Según las encuestas, su autodenominada Alianza Sahra Wagenknecht (BSW) podría recibir más del 10% de los votos, e incluso más del 20% en el antiguo Este. Las investigaciones sugieren que atrae a votantes de todos los partidos y que probablemente sea capaz también de movilizar a quienes actualmente prefieren no votar. Pero, sobre todo, la novel BSW pretende ser un imán para quienes recientemente optaron por la Alternative für Deutschland (AfD), un partido antinmigración de extrema derecha.
Por supuesto, las encuestas no sustituyen a los resultados electorales reales, y las cifras de los sondeos no son explicaciones en sí mismas. Para entender por qué el nuevo partido de Wagenknecht podría perjudicar a la derecha, es necesario un análisis más profundo de la situación política. El actual momento llamado «populista» en Alemania, que llega más tarde que en otros países europeos, se caracteriza por la superposición de tres acontecimientos principales: una crisis económica, una crisis política y una creciente desconfianza en los partidos tradicionales por parte de importantes sectores de la población. Hace quince años, por ejemplo, hubo precisamente este tipo de turbulencias políticas en algunos países del sur de Europa a raíz de la crisis de la eurozona.

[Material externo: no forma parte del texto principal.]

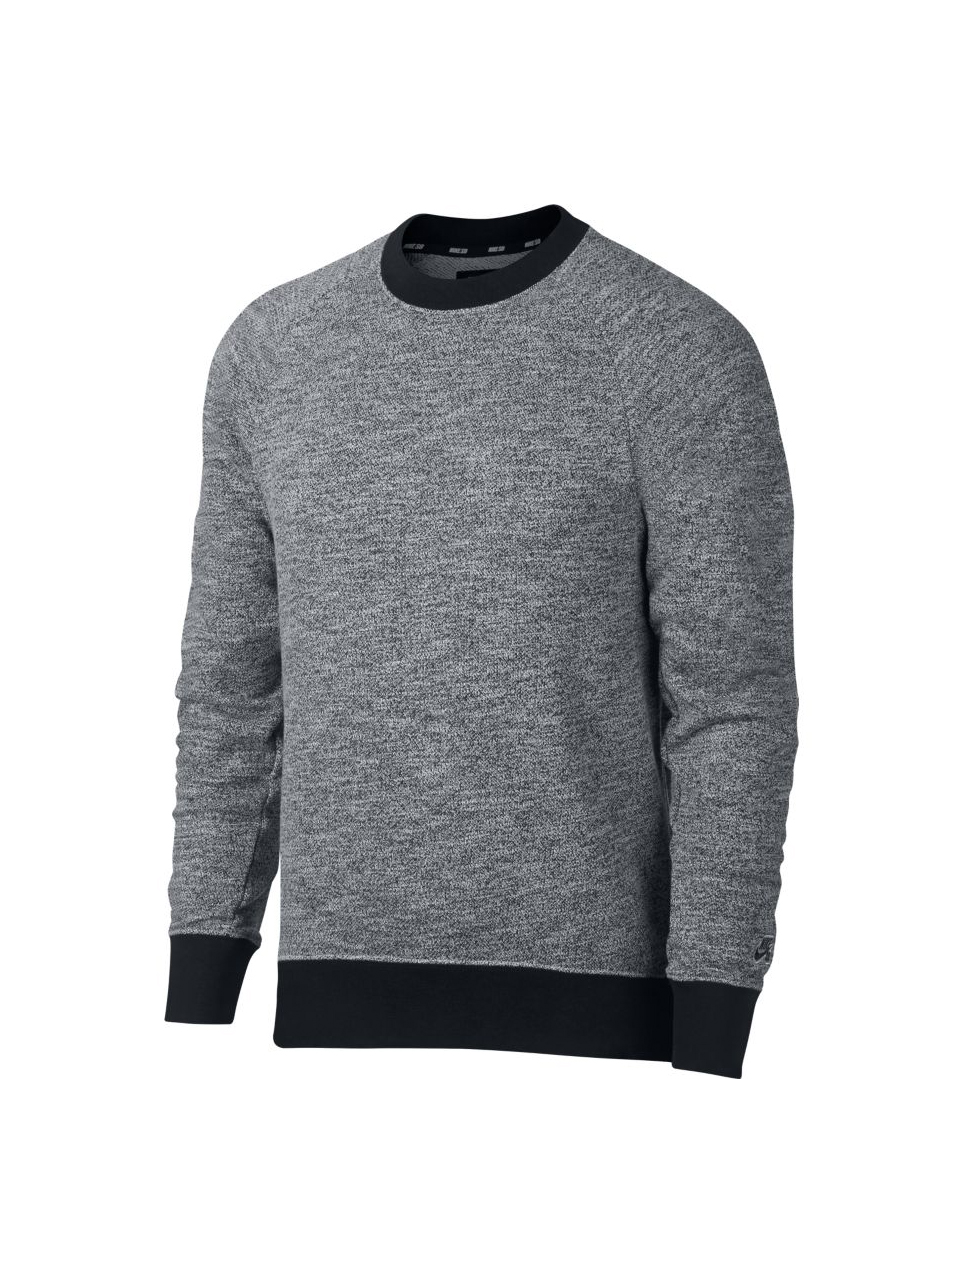 Nike SB Everett Crewneck Sweatshirt

La crisis política de Alemania, y la creciente desconfianza de la población en la última década, se han diagnosticado a menudo con términos como «desencanto» y «posdemocracia». Recientemente, los índices de aprobación del «gobierno de la coalición del semáforo» (llamado así por el rojo del Partido Socialdemócrata de Olaf Scholz, el amarillo de los uber-neoliberales Demócratas Libres y los Verdes) han caído a mínimos históricos. Sin embargo, las encuestas también muestran que hay poca fe en que los Demócrata-Cristianos —que continúan siendo el mayor partido de la oposición— puedan ofrecer mejores alternativas. La crisis del sistema de partidos se está agravando, mientras aumentan las actitudes contrarias al establishment.

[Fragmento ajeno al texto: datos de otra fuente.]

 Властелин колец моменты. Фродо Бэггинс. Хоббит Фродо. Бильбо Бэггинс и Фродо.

La crisis económica, que acaba de estallar tras años de relativa estabilidad, es otro factor que contribuye a la creciente crisis política. Como consecuencia de la guerra, las sanciones y las contrasanciones, así como debido a las secuelas de la pandemia, amplios sectores de la población están sufriendo un empobrecimiento progresivo. En 2022, los salarios reales ajustados a la inflación cayeron un 4,1%. Incluso entre los trabajadores bien pagos cunde el miedo a la desindustrialización, la pérdida de empleo y el declive social.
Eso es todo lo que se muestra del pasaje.